MHT CET · Chemistry · Electrochemistry
The conductivity of \(0.04 \mathrm{M} \mathrm{BaCl}_2\) solution is \(0.0112 \Omega^{-1} \mathrm{~cm}^{-1}\) at \(25^{\circ} \mathrm{C}\). what is it's molar conductivity?
- A \(357.0 \Omega^{-1} \mathrm{~cm}^2 \mathrm{~mol}^{-1}\)
- B \(140.0 \Omega^{-1} \mathrm{~cm}^2 \mathrm{~mol}^{-1}\)
- C \(44.8 \Omega^{-1} \mathrm{~cm}^2 \mathrm{~mol}^{-1}\)

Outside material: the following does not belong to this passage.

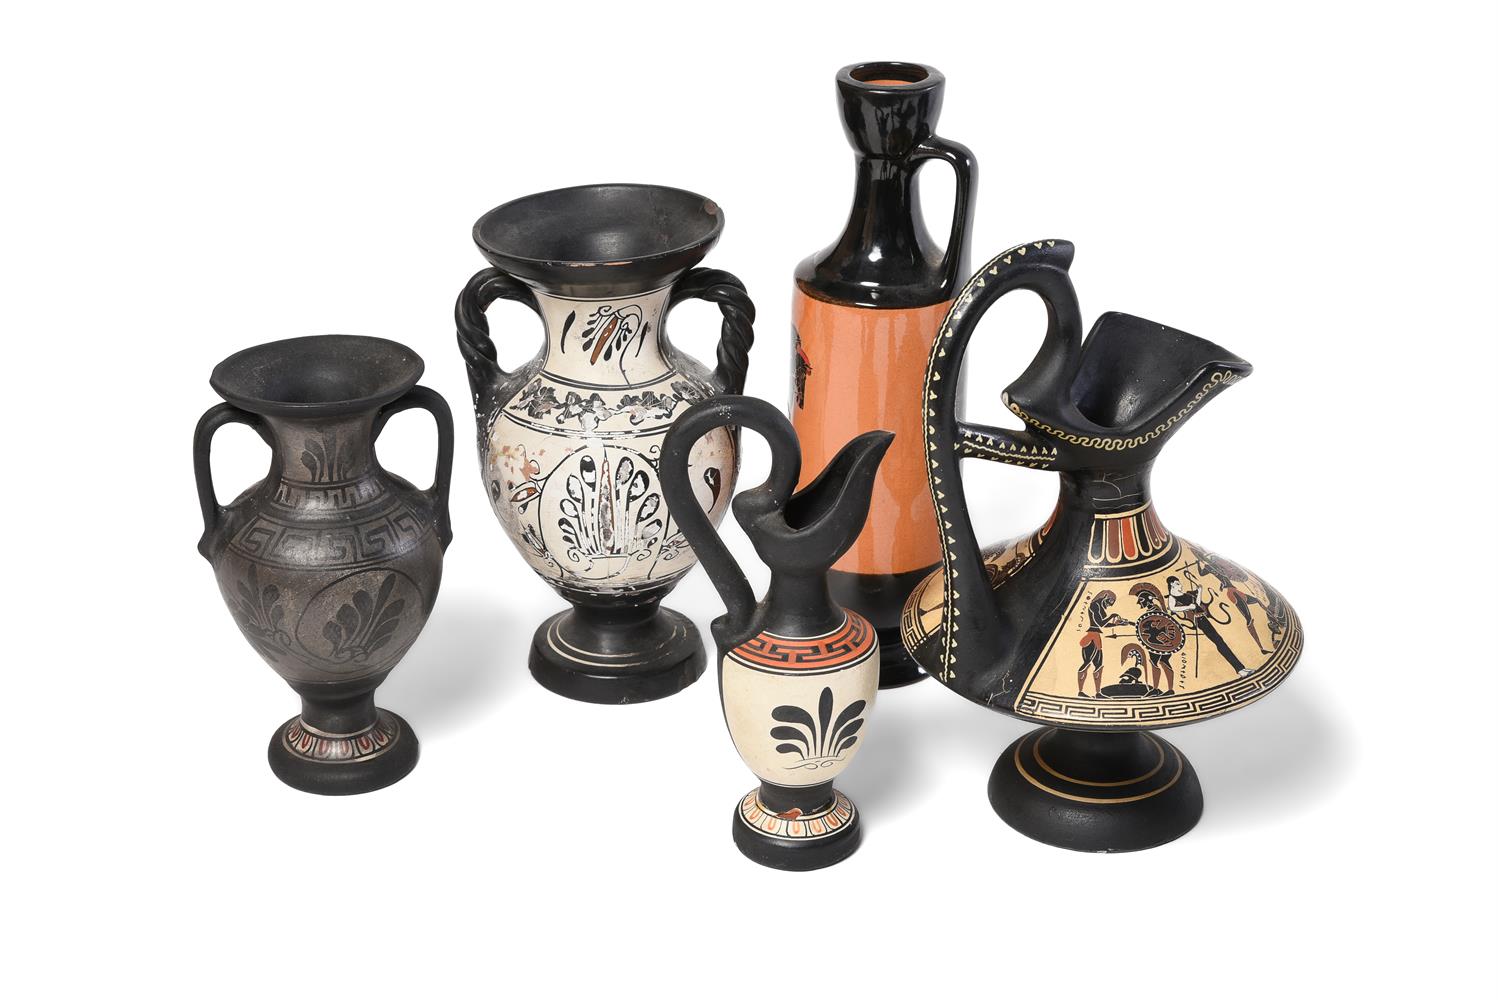 TEN VARIOUS COLD PAINTED TERRACOTTA GREEK STYLE VASES AND JUGS AFTER THE ANTIQUE - Image 5 of 5

- D \(280.0 \Omega^{-1} \mathrm{~cm}^2 \mathrm{~mol}^{-1}\)
Answer & Solution
Correct Answer
(D) \(280.0 \Omega^{-1} \mathrm{~cm}^2 \mathrm{~mol}^{-1}\)
Step-by-step Solution
Detailed explanation
\(
\Lambda_{\mathrm{m}}=\frac{\mathrm{k} \times 1000}{\mathrm{M}}
\)
Conductivity \((\mathrm{k})=0.0112 \Omega^{-1} \mathrm{~cm}^{-1}\)
\(
\begin{aligned}
& \Lambda_{\mathrm{m}}=\frac{0.0112 \times 1000}{0.04} \\
& =280 \Omega^{-1} \mathrm{~cm}^2 \mathrm{~mol}^{-1}
\end{aligned}
\)
\Lambda_{\mathrm{m}}=\frac{\mathrm{k} \times 1000}{\mathrm{M}}
\)
Conductivity \((\mathrm{k})=0.0112 \Omega^{-1} \mathrm{~cm}^{-1}\)
\(
\begin{aligned}
& \Lambda_{\mathrm{m}}=\frac{0.0112 \times 1000}{0.04} \\
& =280 \Omega^{-1} \mathrm{~cm}^2 \mathrm{~mol}^{-1}
\end{aligned}
\)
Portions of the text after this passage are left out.